I think I need to refamiliarize myself with what "subtree" watches do.
Maybe I misunderstood what they do. I'll take a look.

> 
> > >
> > > I was looking into that as well, using the example of nfsd_acceptable()
> > > to implement the subtree permission check.
> > >
> > > The problem here is that even if unprivileged users cannot compromise
> > > security, they can still cause significant CPU overhead either queueing
> > > events or filtering events and that is something I haven't been able to
> > > figure out a way to escape from.
> > >
> > > BUT, if you allow userns admin to setup subtree watches (a.k.a filtered
> > > filesystem marks) on a userns filesystem/idmapped mount, now users
> >
> > I think that sounds reasonable.
> > If the mount really is idmapped, it might be interesting to consider
> > checking for privilege in the mnt_userns in addition to the regular
> > permission checks that fanotify performs.
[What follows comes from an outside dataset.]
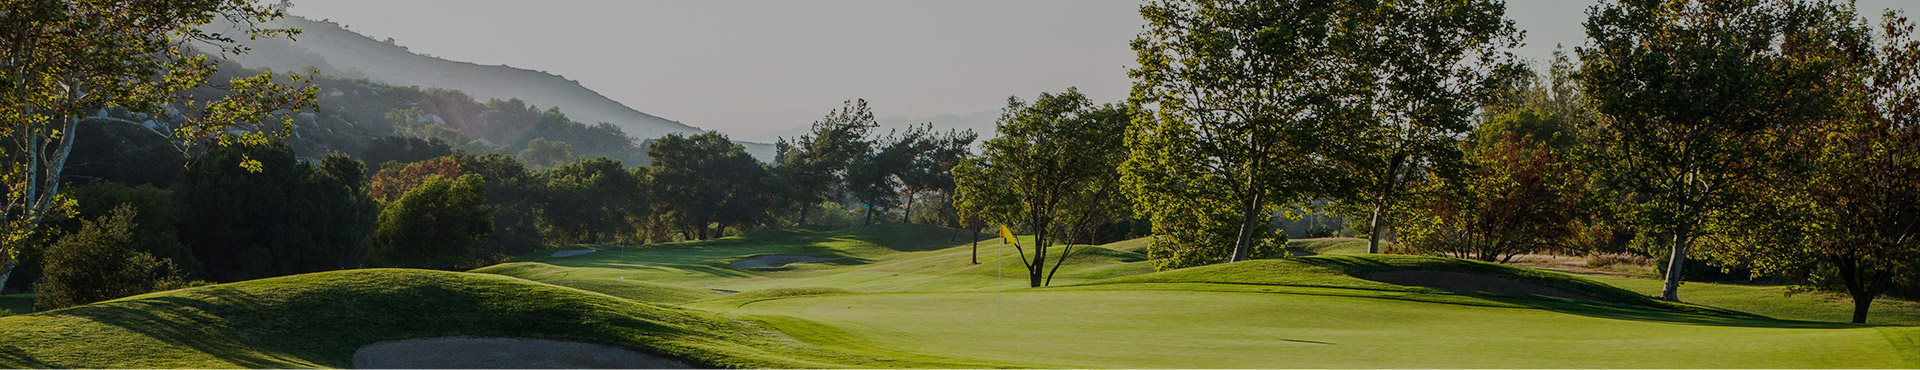 Golf course at Temecula Creek Inn

My (equally handwavy) thinking
> > is that this might allow for a nice feature where the creator of the
> > mount (e.g. systemd) can block the creation of subtree watches by
> > attaching a mnt_userns to the mnt that the user has no privilege in.
> > (Just a thought.).
> >
> 
> Currently, (upstream) only init_userns CAP_SYS_ADMIN can setup
> fanotify watches.
> In linux-next, unprivileged user can already setup inode watches
> (i.e. like inotify).

Just to clarify: you mean "unprivileged" as in non-root users in
init_user_ns and therefore also users in non-init userns. That's what
inotify allows you. This would probably allows us to use fanotify
instead of the hand-rolled recursive notify watching we currently do and
that I linked to above.

> 
> So I am not sure what you are referring to by "block the creation of
> subtree watches".
> 
> If systemd were to idmap my home dir to mnt_userns where my user
> has CAP_SYS_ADMIN, then allowing my user to setup a watch for
> all events on that mount should not be too hard.

Right, that was essentially what my comment was about.

> If you think that is useful and you want to play with this feature I can
> provide a WIP branch soon.

I would like to first play with the support for unprivileged fanotify
but sure, it does sound useful!

Christian